The wire produced is actually solid steel. When it reaches the electrically charged contact tip of the gun it is molten and thus forms a weld puddle. An inert gas also passes through the contact tip and ensures that the molten steel isn’t affected by atmospheric exposure.
2. Spot arc welding
Spot arc welding is used when sheets of metal less than 3mm in thickness have to be bonded together. The application of heat energy to the targeted surface is done precisely such that the other parts of the separate sheets are not affected.
In actual spot welding you have to place two copper alloy electrodes over the target spot where the two metal sheets are to be bonded. An electric current will then run through these electrodes thus completing the welding action. The resistance between the two electrodes determines the heat delivered to the target spot and for this the technique is also called resistance spot welding.
3. Gas arc welding
Gas arc welding is facilitated by the use of a combination of gases, commonly acetylene and oxygen. Acetylene is extremely flammable while oxygen is used to support burning or combustion at the required rates. These gases are stored in valve-locked pressure cylinders. You should always pay attention to the state of the valves as these cylinders can fly at great speed through the air when the compressed gas finds a way out.

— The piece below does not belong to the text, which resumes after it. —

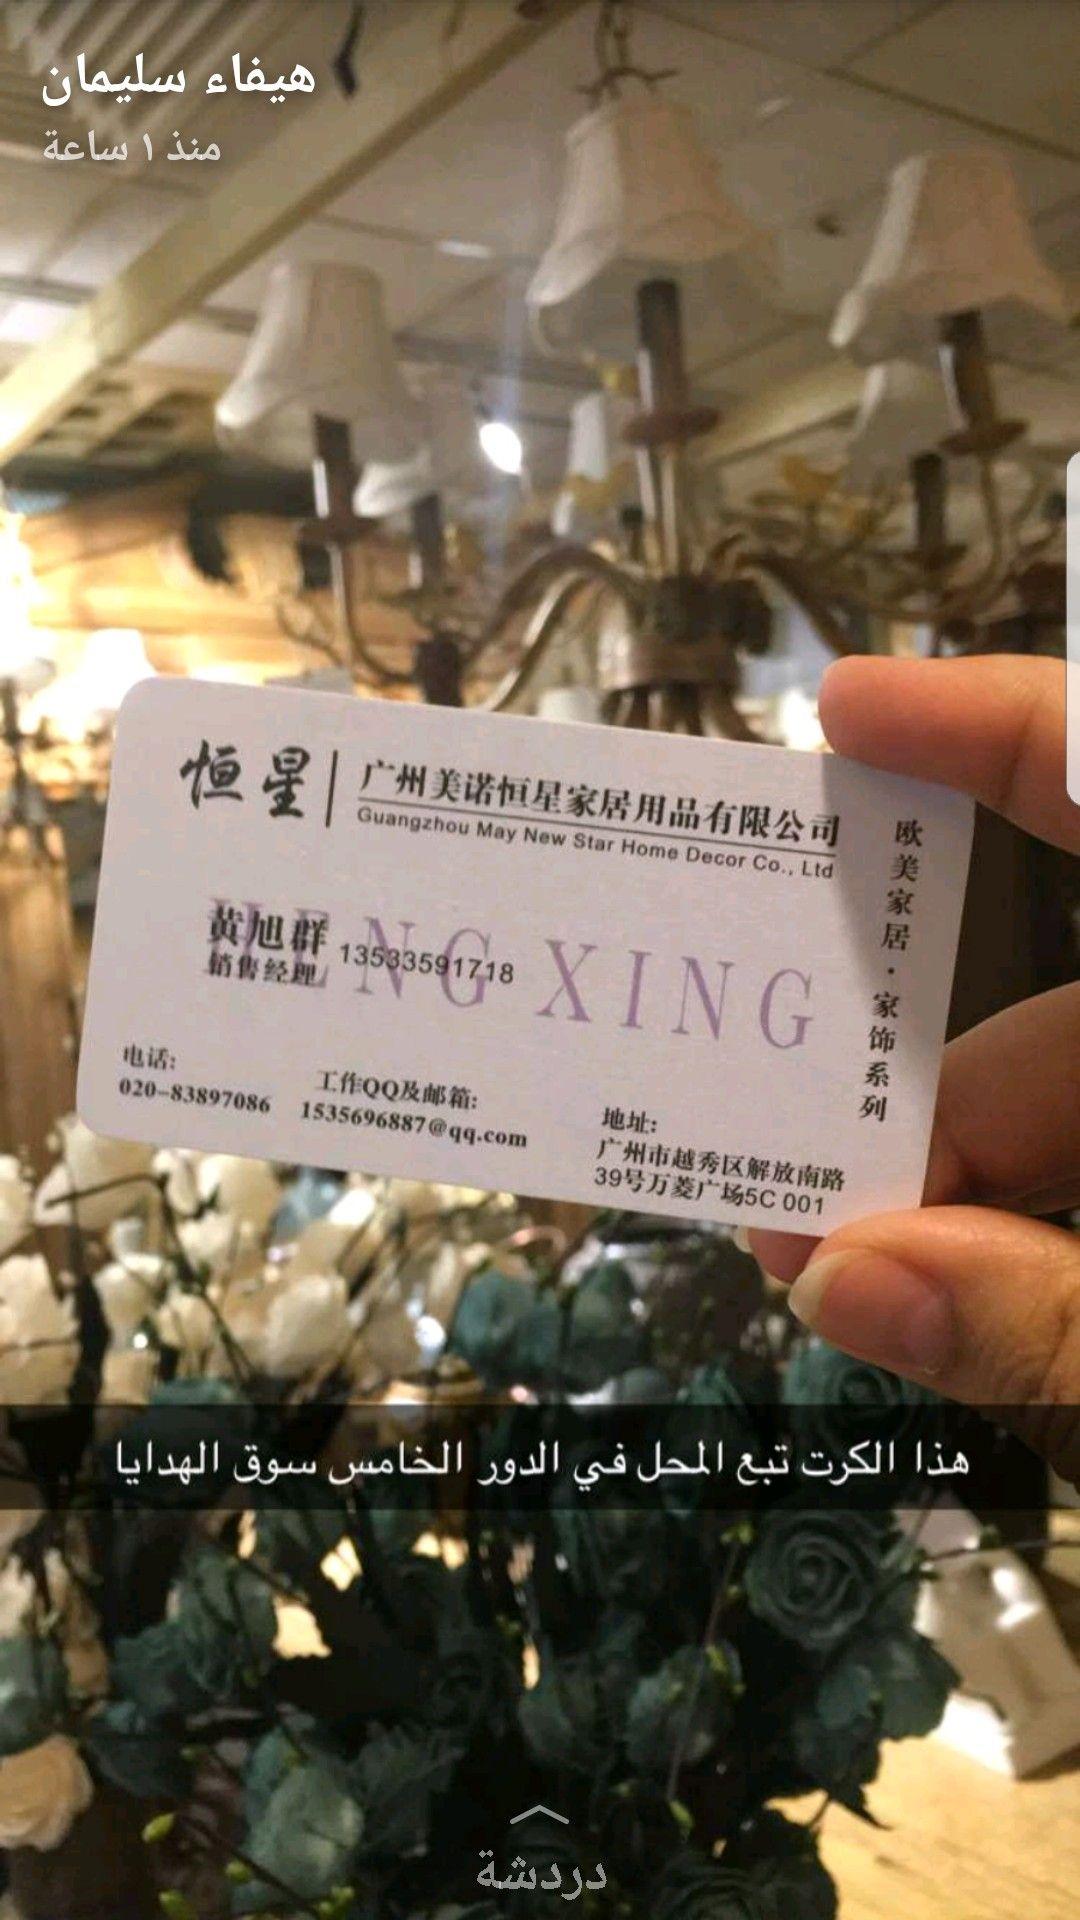 Pin By Mzoon27 On الصين Home Decor Decor New Star
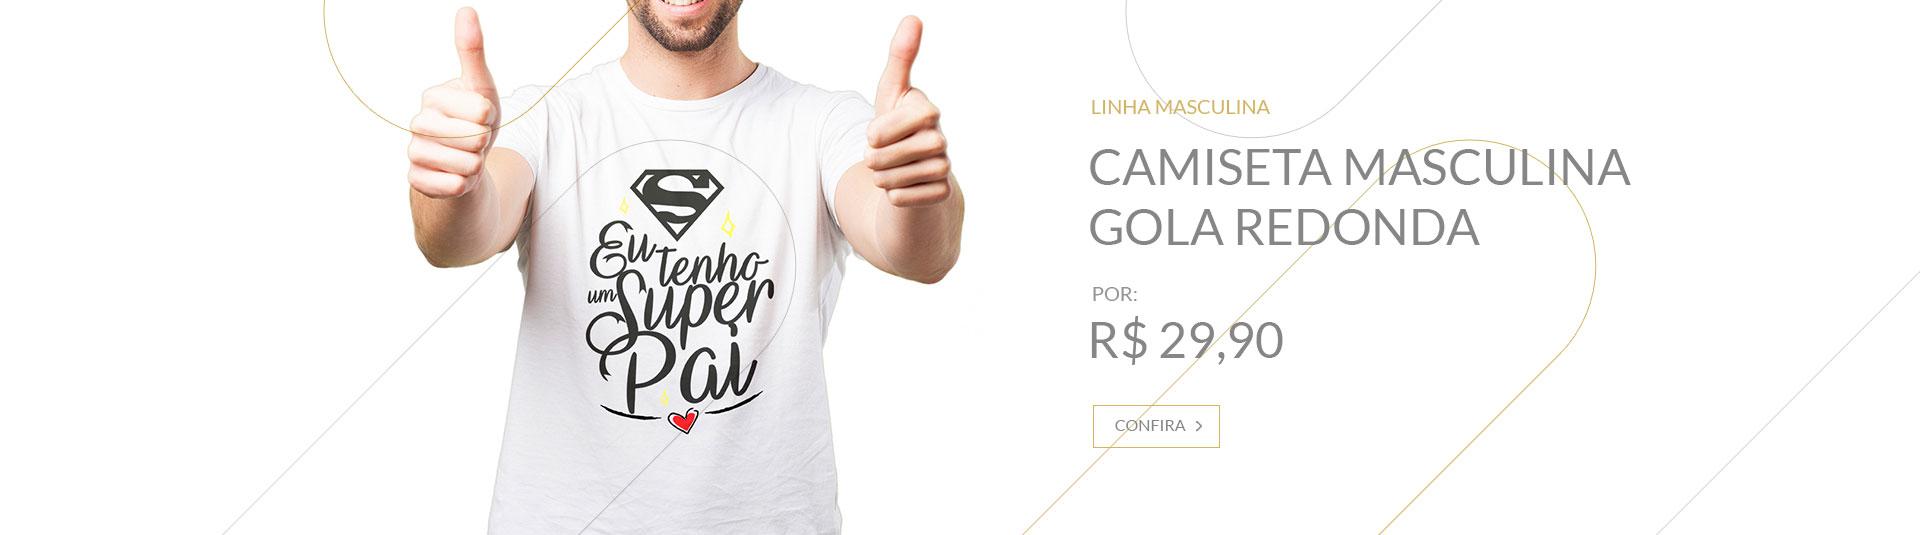 Banner Camsieta Masculina

The welding flame is lit using a flint lighter and then the cylinder valves are opened slowly – acetylene first and then oxygen next so as to make a neutral flame.
4. Stick arc welding
This is one of the more used arc welding techniques. It is technically known as Shielded Metal Arc Welding or SMAW. In this technique electrodes covered in flux are used. During welding this flux melts and forms slag and gas which protect the molten weld and the arc. The slag remains on the welded surface and must be scrapped off.
5. Tig arc welding
This technique is also known as Gas Tungsten Arc Welding or GTAW. It is a welding process of high quality and is normally used when precision welding is required. During the welding process the metal being welded and the tungsten electrode form an arc and the subsequent weld pool is protected by a gas. If the use of filler wire is required, its addition to the weld pool is done separately.